The workstation benchmark plays a limited role when deciding how to upgrade.
By Alex Herrera
When it comes to marketing professional-caliber workstations, we’re all accustomed—as either suppliers or consumers—to look toward benchmarks as a primary component of the decision-making process. Benchmarks have always been a first-order means for marketeers to sell potential buyers on the value of a new machine and for buyers to help justify that purchase. But their high profile belies the reality in which both parties criticize—and complain quite validly about—the veracity and complexity of their use. And in today’s technology landscape, there are ever more reasons to avoid heavy reliance on benchmark results when it comes to considering the investment in new hardware.
Whenever I review a new workstation, I pull out my battery of benchmarks to assess its performance, both in comparison to its predecessors as well as its current peers. And when I do, I also pull out my bag of disclaimers that emphasize the limitations of benchmarks, and the risks of relying too heavily on any one, or even set, of benchmarks. Benchmarks are an absolutely useful tool in the right hands and right context, but in and of themselves, they don’t answer anything.
The best way to put benchmarks in the right context is to take a step back and think about the big picture. What are benchmarks supposed to indicate, anyway? They are intended to measure performance, and to varying degrees, they can do that. They’re not perfect indicators of performance for a variety of reasons, the most notable of which is that benchmarks have to hard-wire test cases, and by definition fixed test cases can’t possibly represent typical usage for every buyer out there.
Still, the right use of the right benchmarks can give you a solid, valuable indication of how the machine is going to perform. But no matter how accurate a bellwether a benchmark might be in predicting the performance you’ll see, it still doesn’t get at the root of what you’re ultimately trying to accomplish when you open up your wallet and fork over cash for a new workstation—or any IT expenditure for that matter.
The ultimate goal is not to render an animated character or brake assembly 20% quicker. The ultimate goal is to get more done in less time, to boost your productivity and generate more revenue that you would have otherwise. And really, it’s more than that, it’s to crank up your revenue per day (or month or year, or whatever your time frame) enough that the incremental income in fairly short order pays for that investment and then starts adding to your bottom line. What we’re really looking for is not frames/sec or FLOPS but ROI, return on investment.
And yes, a benchmark that accurately (or at least reasonably) reflects the performance boost you’ll see is an indicator of ROI. But it’s just one indicator, and often it may be a relatively minor indicator. Because, especially in this age of technology, there are other means—often substantial means—of driving up your productivity that no benchmark measures. Take multiple monitors, for example. Moving to two (or three or more) screens from one is the most sure-fire way to get more done in less time, as any multi-monitor disciple will attest, yet no benchmark can measure that very human aptitude for multi-tasking, an aptitude that extra display real estate plays to.

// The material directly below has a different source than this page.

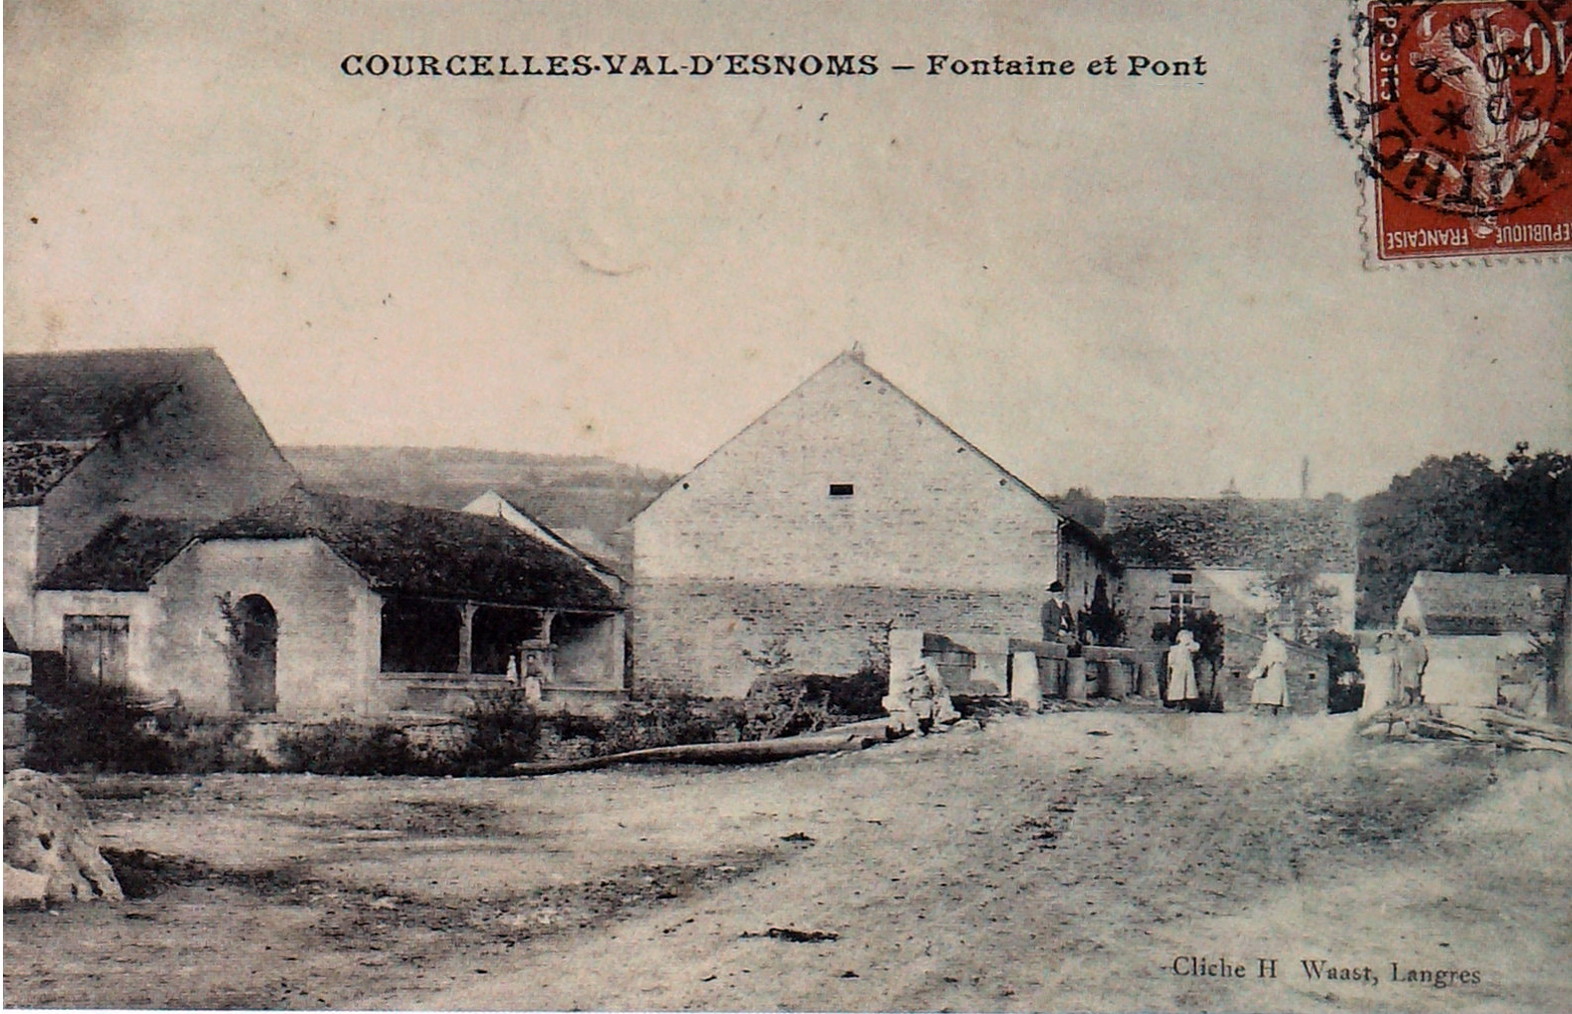 Courcelles-Val-d-Esnoms en 1939-1945

And speaking of multi-tasking, whether the benefits of today’s CPU and GPU parallel multithreaded architectures from Intel, AMD and Nvidia show up in benchmarks or not, they can most certainly provide the computational headroom for users to more effectively parallelize key tasks and compress their workflow timeline. This relatively new and evolving breed of multi-core technologies can reduce—often dramatically—the time required to churn through very-measurable computational tasks professionals face on a regular basis, things like rendering, finite element analysis (FEA) and computational fluid dynamics (CFD). But they’re also another great tool for the user to juggle more concurrent tasks as well, a use that’s at least as valuable for shortening schedules and boosting ROI, but one that’s not at all quantifiable by individual benchmarks.
The moral of the story is clear, and it is one that I suspect will grow more valid over time. Don’t treat capital investments in IT, including workstations, any differently than you would any other potential asset. The new asset must pay for itself and then some through higher productivity for the individual or team, with the end goal of achieving better financials. It’s about the return on the investment, and especially with today’s workstation technologies, those returns can depend as much on how the user leverages the tools as the raw capabilities of the tools. Benchmarks only provide an indication of the raw capabilities, and often, it’s within the individual leverage where the greatest potential returns lie.
Alex Herrera is a senior analyst with Jon Peddie Research.